Control Tests performed
- FVIII chromogenic assays
- VWF: antigen assays
- VWF Ristocetin co-factor assay
- solubility and appearance tests
- protocol review
Research and development
Haemophilia A and Factor VIII Immunogenicity
Haemophilia A is a recessive X-linked bleeding disorder caused by a deficiency or a functional abnormality of coagulation co-factor FVIII.
It affects 1 in 5000 males resulting in bleeding in joints, muscles and soft tissues. It is usually treated by prophylactic infusions of FVIII therapeutic products.
However, a major complication of such substitutive treatment is the development of an immune response – developing neutralising antibodies – towards the FVIII molecule, with most of the alloantibodies developed being directed to the functional epitopes (A1, A3 and C2 domains) of the FVIII molecule.
Antibodies inhibiting FVIII activity – ‘inhibitors’ – preclude further use of FVIII, leaving patients in a life-threatening situation. About 30% of severe haemophiliacs have these antibodies.
Molecular model and domains of FVIII molecule
FVIII autoantibodies can also develop in non-haemophiliacs, in a variety of clinical settings such as the postpartum period and chronic lymphocytic leukaemia.
Using recombinant FVIII has not reduced the incidence of inhibitors.
Furthermore, the methods used to prepare FVIII or reduce viral transmission carry the risk of altering the immunogenicity of the molecule.
Present treatments to eradicate FVIII inhibitors are unsatisfactory. They rely on methods such as infusion of large doses of FVIII – alone or in combination with non-specific immunosuppressive agents.
The cost of these treatments is prohibitively high and they tend to be effective only in patients with recent, low-titre, inhibitors.
Inhibitor development in up to 20% of patients is related to the gene defect – intron 22 inversion of the FVIII gene. Preventing inhibitors from developing is currently not feasible, as criteria to identify patients at risk are not yet fully defined.
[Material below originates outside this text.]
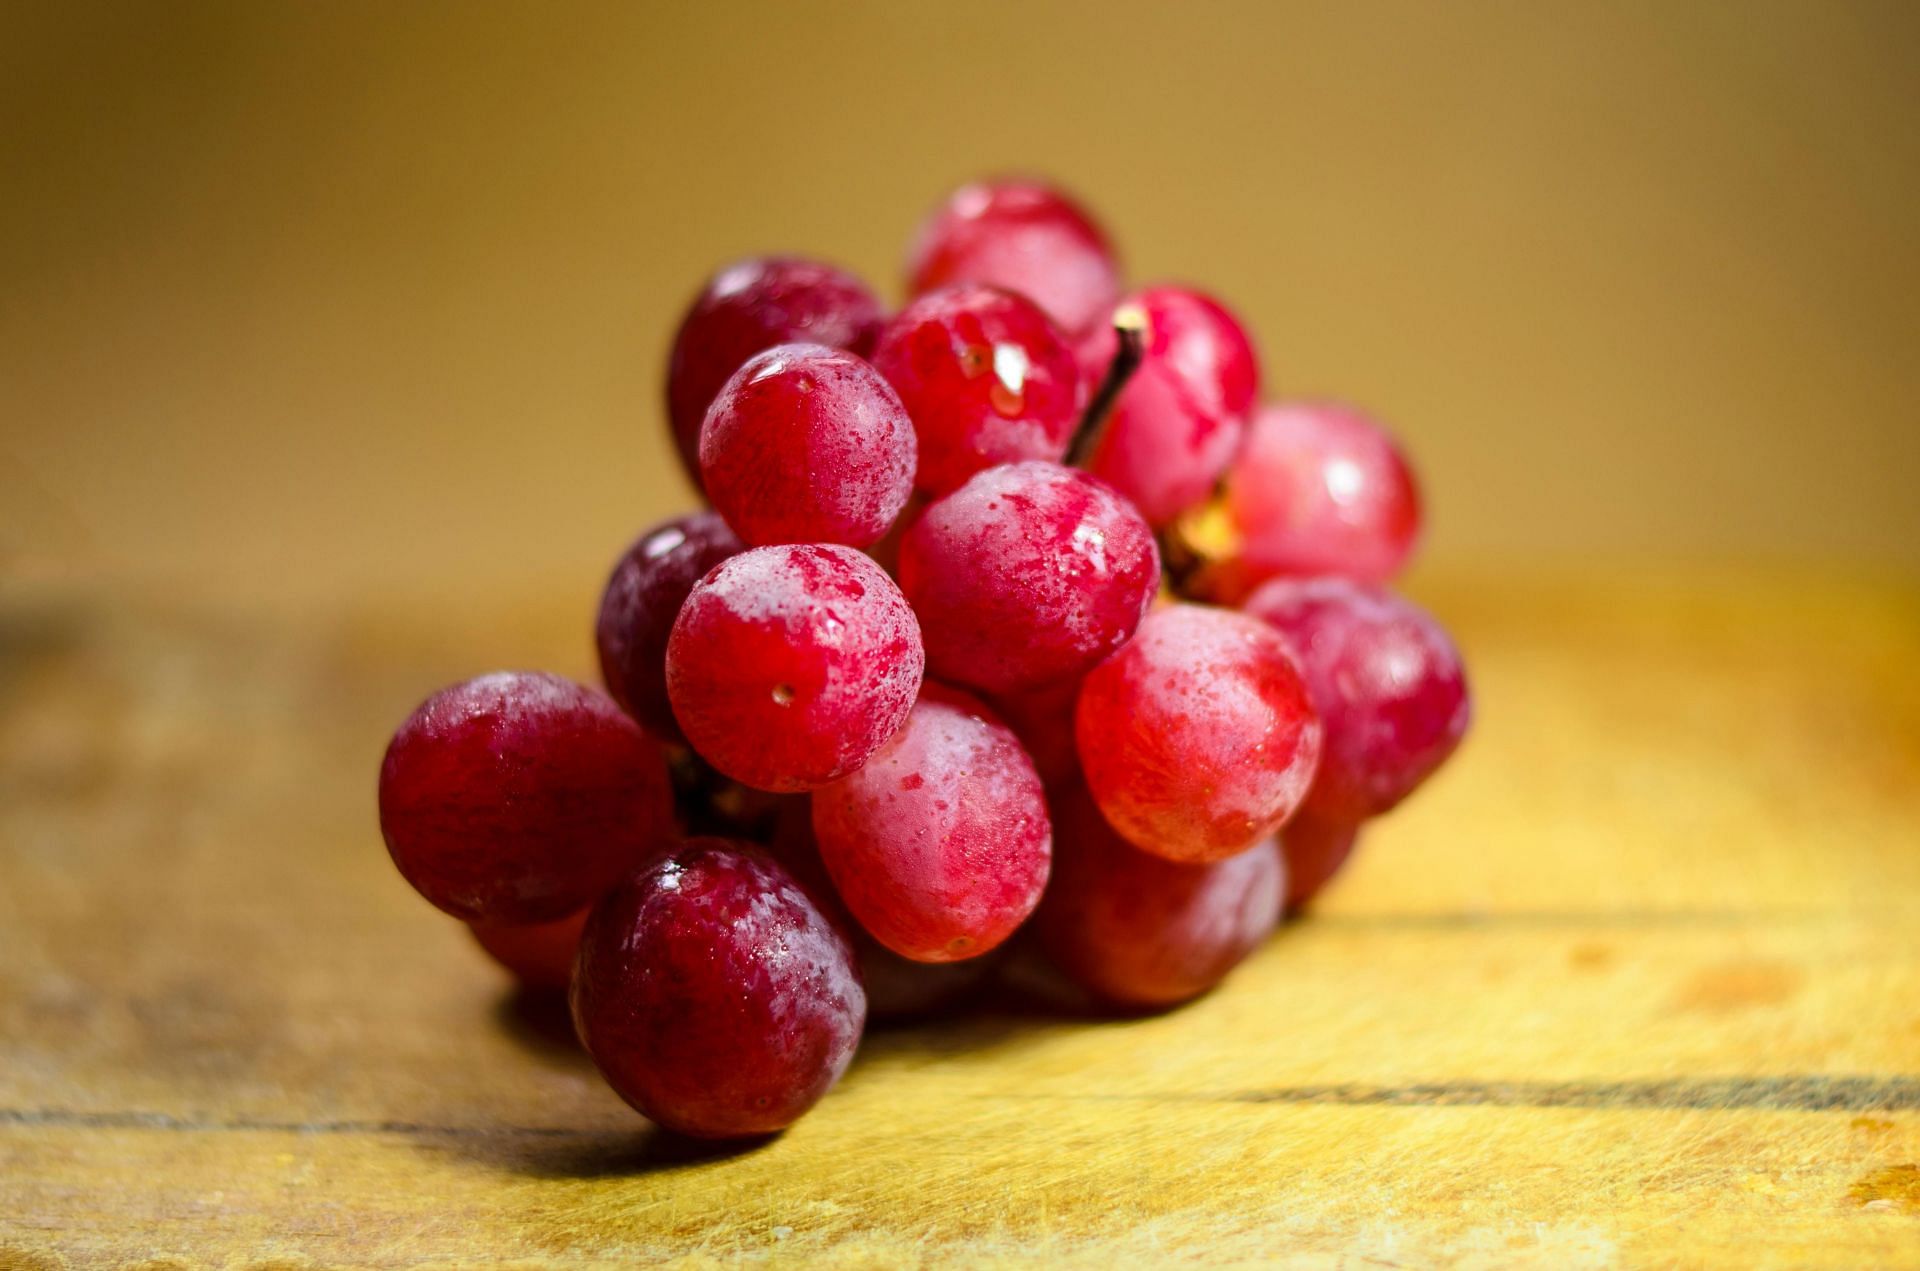 Red grapes benefits (image sourced via Pexels / Photo by Bruno)

There is therefore, a need for alternative, more efficient therapies which would be both specific and cost-effective. But before this can happen, we need to understand precisely the mechanisms of inhibitor development and by which FVIII interacts with other analytes in blood.
In addition, current methods to measure FVIII inhibitors are unsatisfactory and developing new assays which can measure inhibitors accurately and reproducibly is critical for any meaningful data for diagnosis and therapy.
Other areas of research
We are working on a number of different research areas to address the above FVIII immunogenicity problems:
- development and characterisation of neutralising recombinant monoclonal antibodies to FVIII for standardisation of inhibitor assays. A panel of 7 rIgG4s (NB2C11, NB11B2, NB33, NB41, NB2E9, NBA3 & NBG12) have been produced in our laboratory covering the A2, A3, C1, & C2 domains of the FVIII molecule. These antibodies are also useful for basic research purposes.
Schematic of the crystal structure of FVIII
showing domains targeted by each rIgG
- assessment of the effects of manufacture-in-process structural and allosteric modification (e.g. glycosylation) of recombinant FVIII products on its functional activity and immunogenicity.